To configure the Celery workers to connect to Celery backends the Celery configuration needs to be mounted as
`/celery-worker/config/celeryconfig.py` inside the container. It contains configuration variable assignments
as per the Celery [documentation](http://docs.celeryproject.org/en/latest/userguide/configuration.html). To
get the results of the scans a results backend is needed.
The task needs to be called by name. It is possible to use `send_task` for this or to define a `signature`.

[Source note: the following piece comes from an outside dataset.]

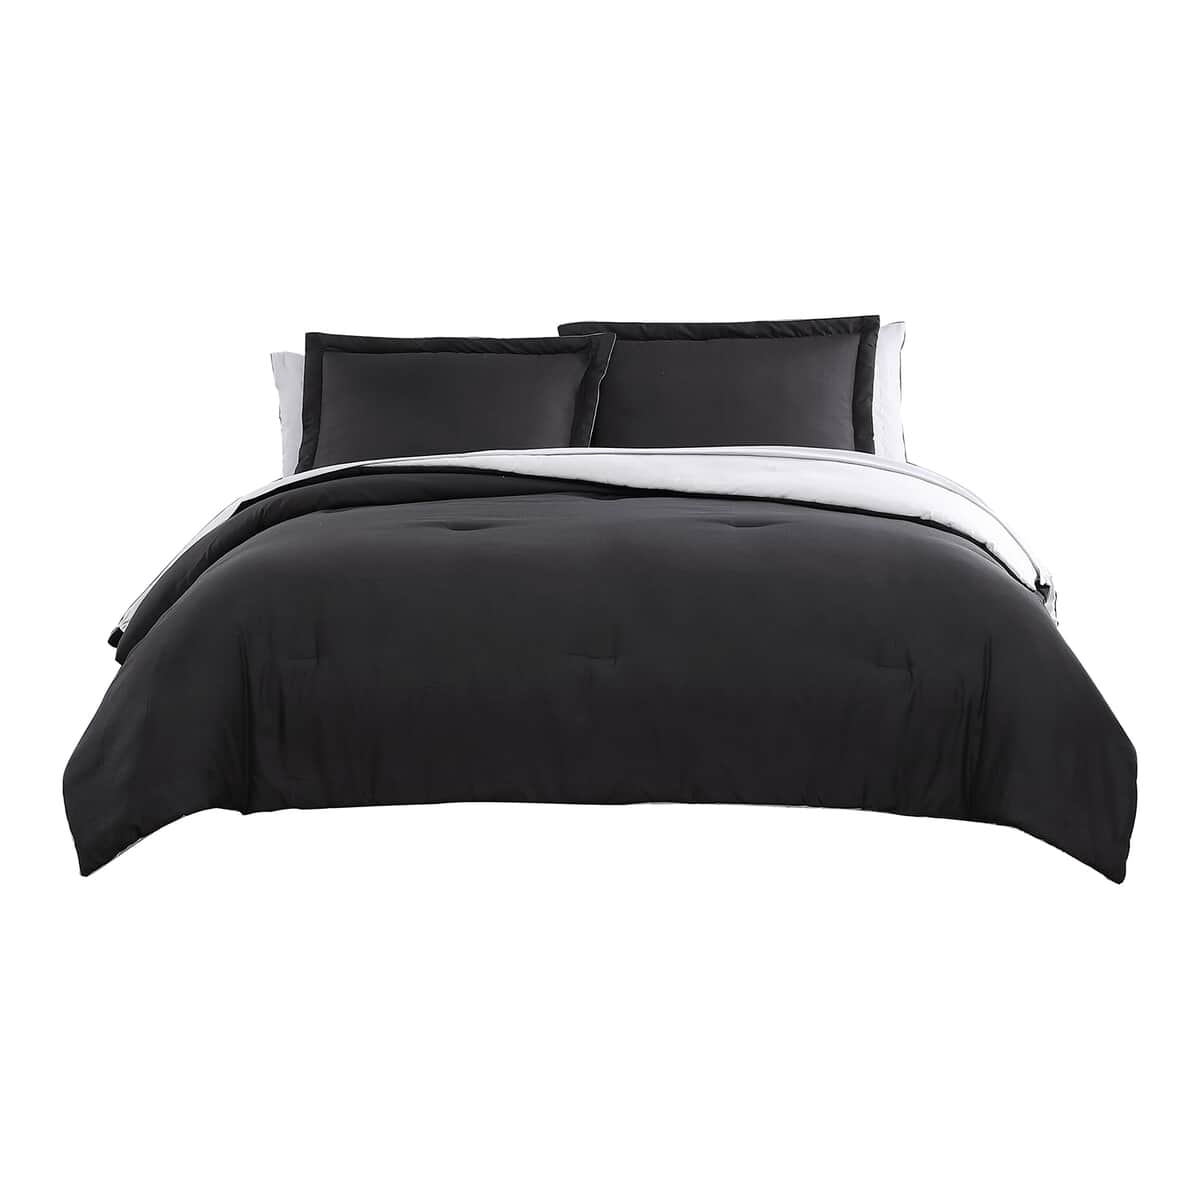 The Nesting Company- Chestnut Reversible 7 Piece bed in a bag Comforter Set Queen Black & Gray image number 3

* `clamd`: This mode starts the `clamd` daemon inside the container. It listens on TCP port 3310 and on the
Unix domain socket `/var/run/clamav/clamd.sock`. The TCP port can be exposed to the outside world
if wanted. The Unix daemon socket is currently not used. This mode is untested apart from observing
a successful startup of `clamd`.
* `rest`: In this mode [Solita's ClamAV REST proxy](https://github.com/solita/clamav-rest) is started. It connects
to `clamd` via TCP on `localhost`, port 3310 so a companion `clamd` container in the same network namespace
is needed. This mode is untested apart from observing a successful startup of the proxy.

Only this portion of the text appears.